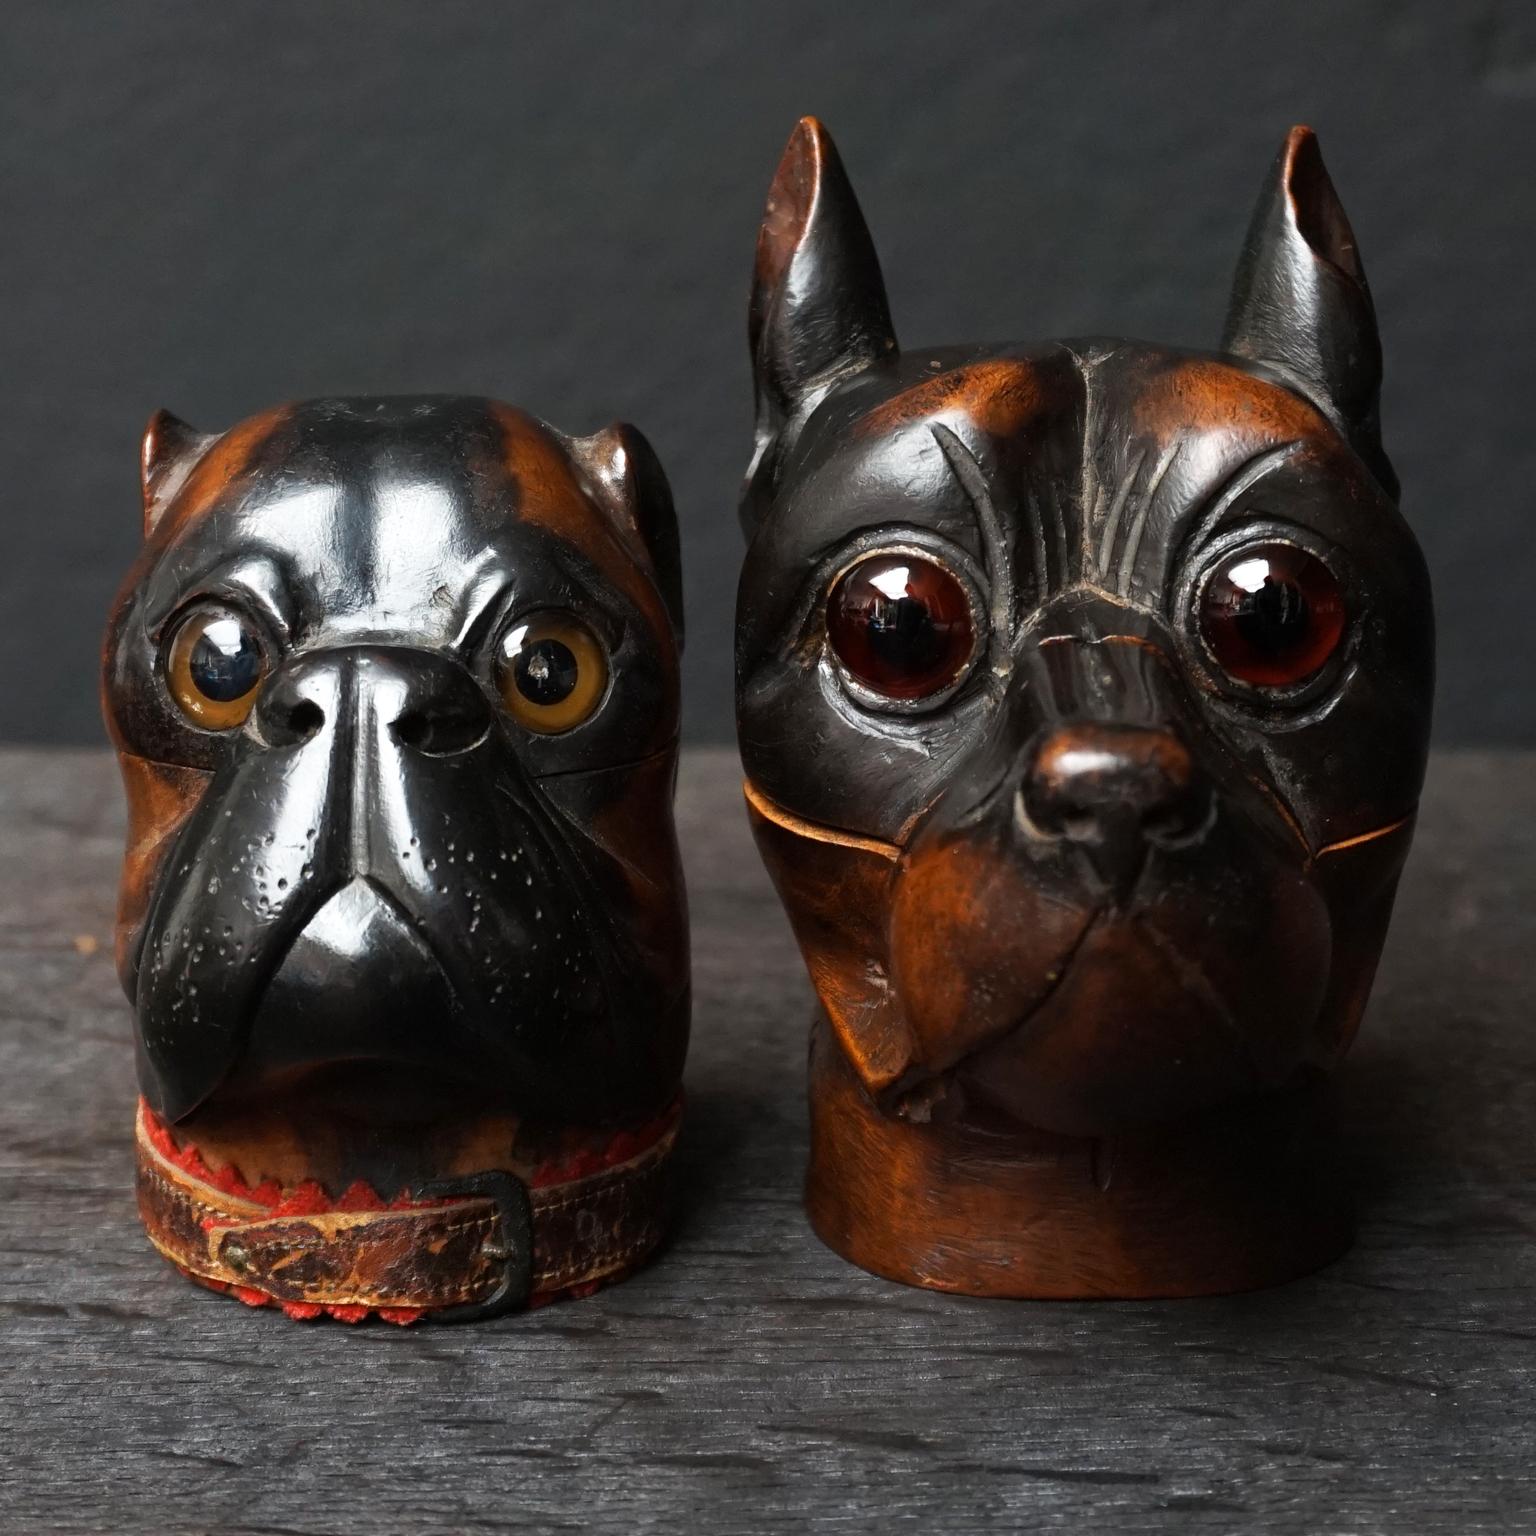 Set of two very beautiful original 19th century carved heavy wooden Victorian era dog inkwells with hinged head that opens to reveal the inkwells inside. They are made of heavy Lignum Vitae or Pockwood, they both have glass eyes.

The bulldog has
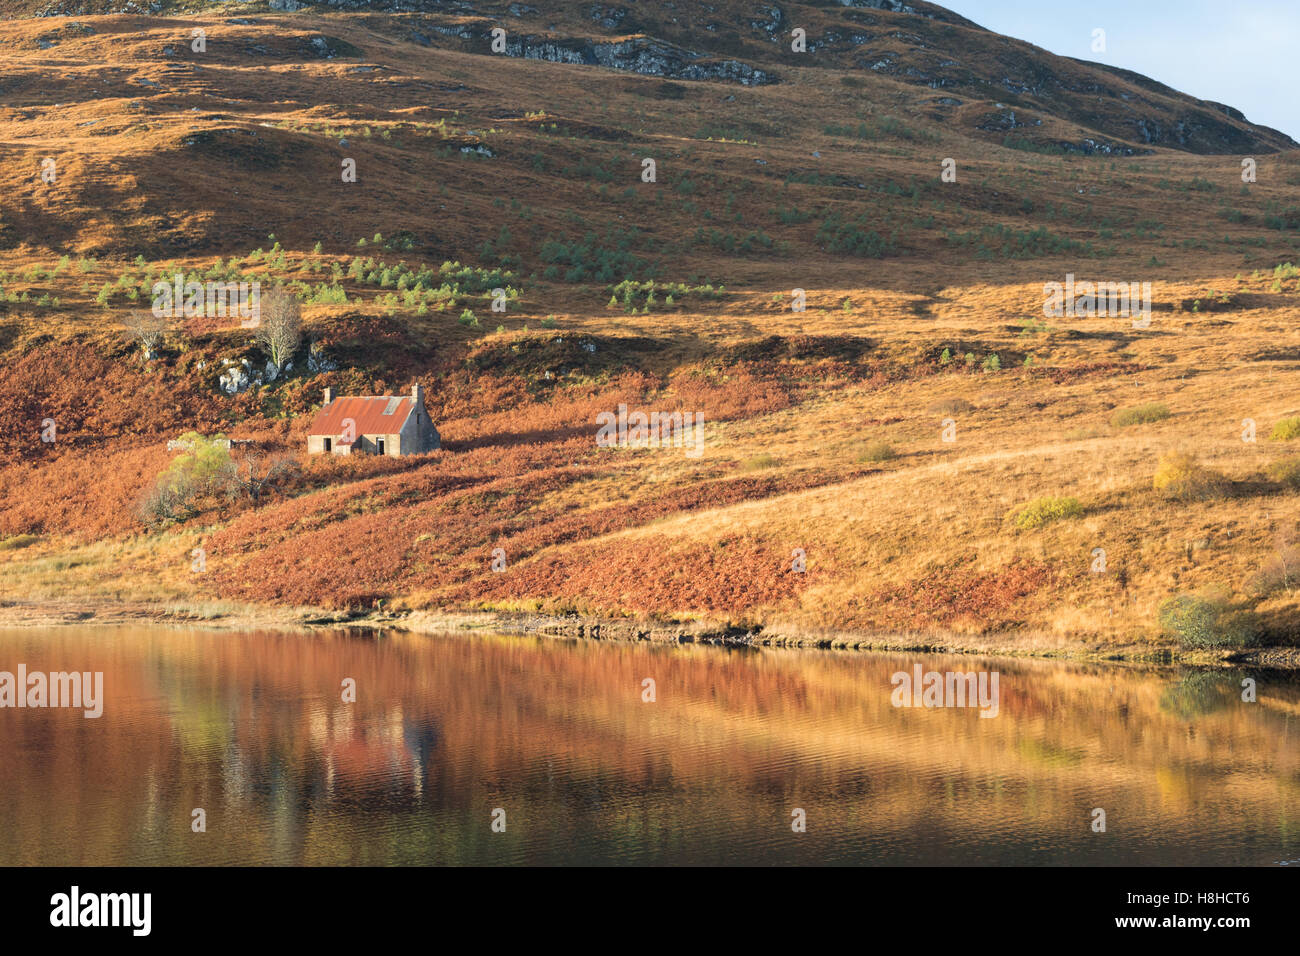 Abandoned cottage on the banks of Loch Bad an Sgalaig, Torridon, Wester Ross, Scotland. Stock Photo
···
TASK DIRECTIONS
If pictures appear, drop them, and retype exactly the lines from the "The bulldog has" line through the last line of the data above.

ANSWER TO THE PROBLEM
The bulldog has
 Abandoned cottage on the banks of Loch Bad an Sgalaig, Torridon, Wester Ross, Scotland. Stock Photo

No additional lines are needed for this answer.